I asked a question about this before, but things have changed.
I developed software for basketball and football teams. I have sold 32 copies @ $20 each doing virtually nothing. I wrote a few articles on the subject and teams began buying.
I made it onto a Canadian TV show where you can ask for however much money you want to help with your business. I figure there are roughly 100,000 competitive basketball teams in the world, and I would like to start charging a yearly fee of $60 a year for my product.
What would you do in my situation? I don't think my sales are high enough to ask for a lot, so I am not sure how much to ask from the investors and for what stake in my business.
I also have no patent on this and it could easily duplicated, unfortunately.
Am I bound to fail?
I'm not sure why you need investors? Based on your description you have very little development or ongoing cost, other than the effort to actually start marketing and selling your product. Investment dollars aren't magical things that sell your product for you, that's your job. If you're willing to dilute your ownership of your product, you'd better have a good idea about how you'd use the money and why you can't possibly bootstrap it yourself.
Remember, investors are looking for a return on investment -- if you can't explain how you plan to sell (lots of) your product, how can you possibly convince an investor to drop a lot of money into it?
As a side note, your top-down analysis (100,000 teams x $60/yr == "I'm rich!") is a terrible way to think about things, and will automatically disqualify you in most serious investors' minds. The proper approach should be bottom-up and based on reality, e.g. something like this:
If that math proves to be accurate, you'd be booking ~$60/week in revenue (50 x .20 x .10 x $60), not a pretty picture to a potential investor. Hopefully your actual math works out better, but you get the idea. The fact that there are 100,000 teams is irrelevant -- how are you going to reach them, and in what timeframe? And what is your acquisition cost?
Bottom-up estimates based on the realities of your business are ALWAYS the way to go, and if you are realistic about it, will help guide you in making these kinds of decisions better than anyone here can.
What would you do with the money? What are your five year projections on expense and revenue? You need to have the answers to those questions. Guesses are ok, but they need to be supportable. Then again, those TV shows don't reflect reality.
First, you can't hide the fact that you only sold 32 copies of the software - you'll get called on that sooner or later. You can, however, make that sound better by demonstrating why it should not be held against you - limited effort to date in trying to sell.
Second, your concern about a patent is very relevant. A prudent investor will want to know how hard it would be for someone to copy you - and if your answer is "really easy" then there's no investment. Getting around that might have been market capture - that is, you already hold a significant amount of the market, and therefor you have history on your side, but sadly, that isn't true.
Third, you need to know what you intend to do with the money. Investors are generally not interested in just giving companies money for no reason - they want to know what you intend to do with the money. You need to show that you have a plan and a need.

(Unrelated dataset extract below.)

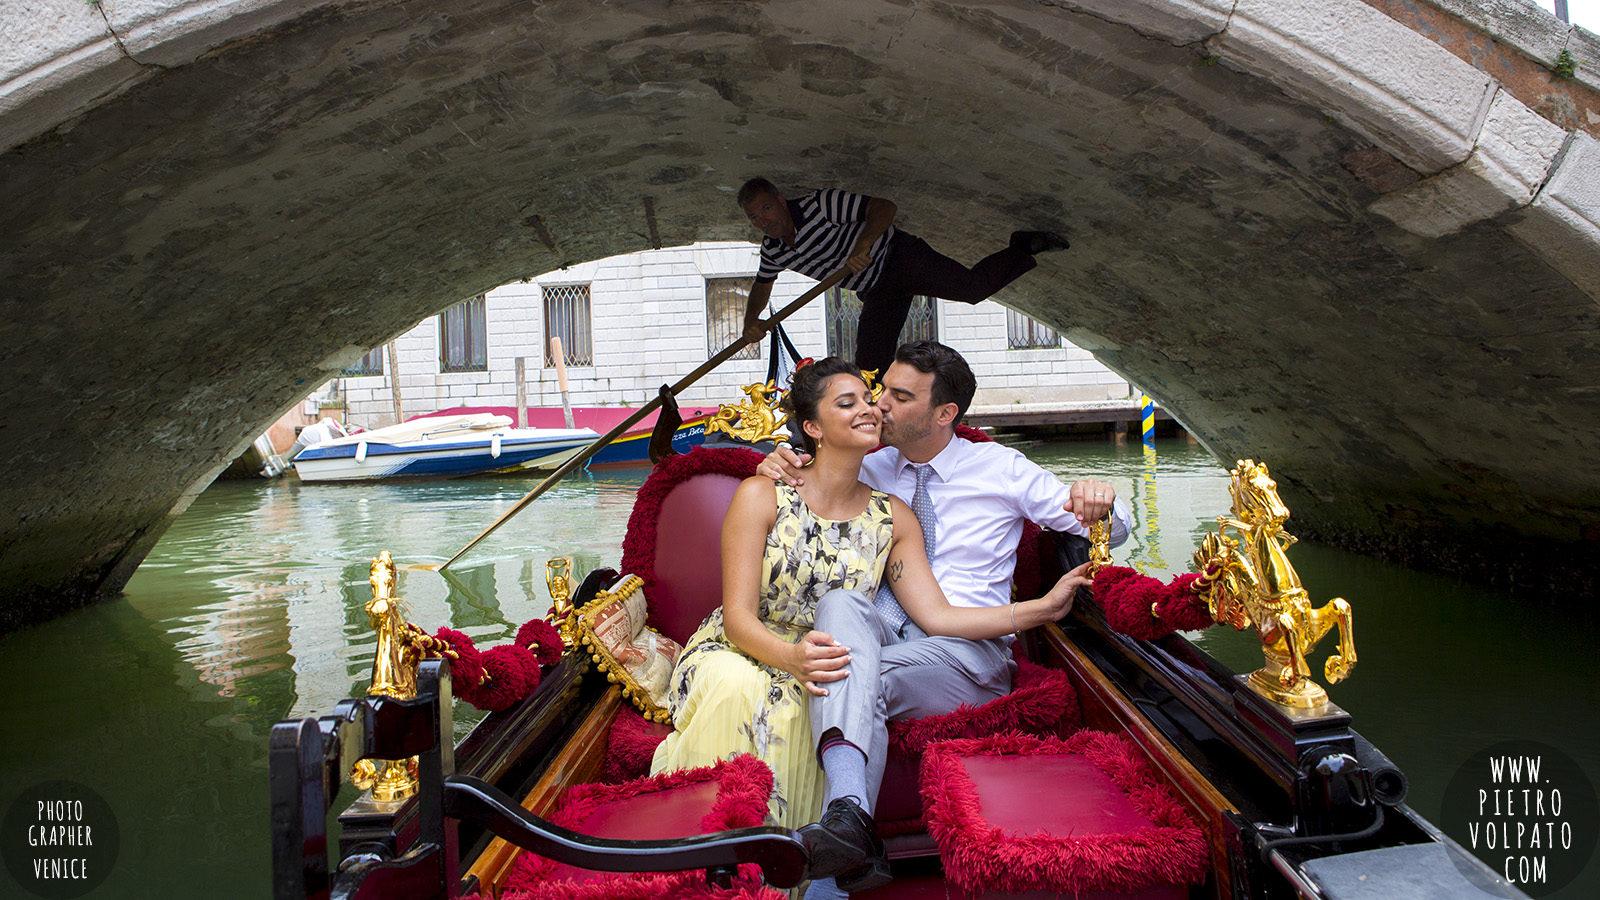 photographer-venice-italy-honeymoon-20150801_02

Regarding valuation (which is what this question ultimately boils down to), we need to look at what you have.
You have a product which you developed that has some (small) inherent value. Let's say it took you 1000 hours to write, test, and package it. That gives you a value of somewhere in the $25,000 range to reproduce that work.
You have 32 clients at a rate of $20 per year, or $640 of income per year. We'll assume that you've spoken to at least some of them (and if you haven't, you ought to) and confirmed that they would be willing to pay $60 per year, which bumps this number up to $1,920 annually.
So your total value is somewhere in the range of $25,000 to $30,000. If you start asking for more money than that, you'll have a problem, because there would be no way to split the equity in a reasonable fashion.
What you can do to boost your valuation is to get more clients - fast. If you can demonstrate that you're chasing teams and getting them to sign on (i.e. your conversion rate is 50% instead of 10%, and you have a sampling of 100 teams to base this on), then you've accomplished two things:
Both those factors will allow you to push the valuation a bit higher than the strict numbers justify - i.e. if you valued it at $30,000 today, then with growth patters, you might be able to get it up to $50,000 or perhaps a bit more.
What is your customer acquisition cost? At $60/year, you have a SaaS business. Since you target organizations, for larger organizations, it will cost you money to sell to them. How much money will it cost? I don't know, but reaching larger organizations is not a cheap effort - even a mailing campaign with a 2% conversion rate will end up costing quite a bit per customer.
Try to think about the value you're bringing your customers. Is it so trivial that it only worth $5 to them per month? In other words, how much effort and cost does it take them to do what your software does for them automatically, manually?
Not knowing much about your software, but, knowing that you sell your software to organizations, $60/year sounds like a very small amount. At that price point, I am not sure you're solving a big enough problem to attract a big market.
Maybe pricing your software a little higher, and giving your customers more value for their subscription is the way to go for you. You can always discount for kids' teams and primary schools, but, if you're targeting large teams, your customer acquisition cost will be higher than 10 years of subscription, easily.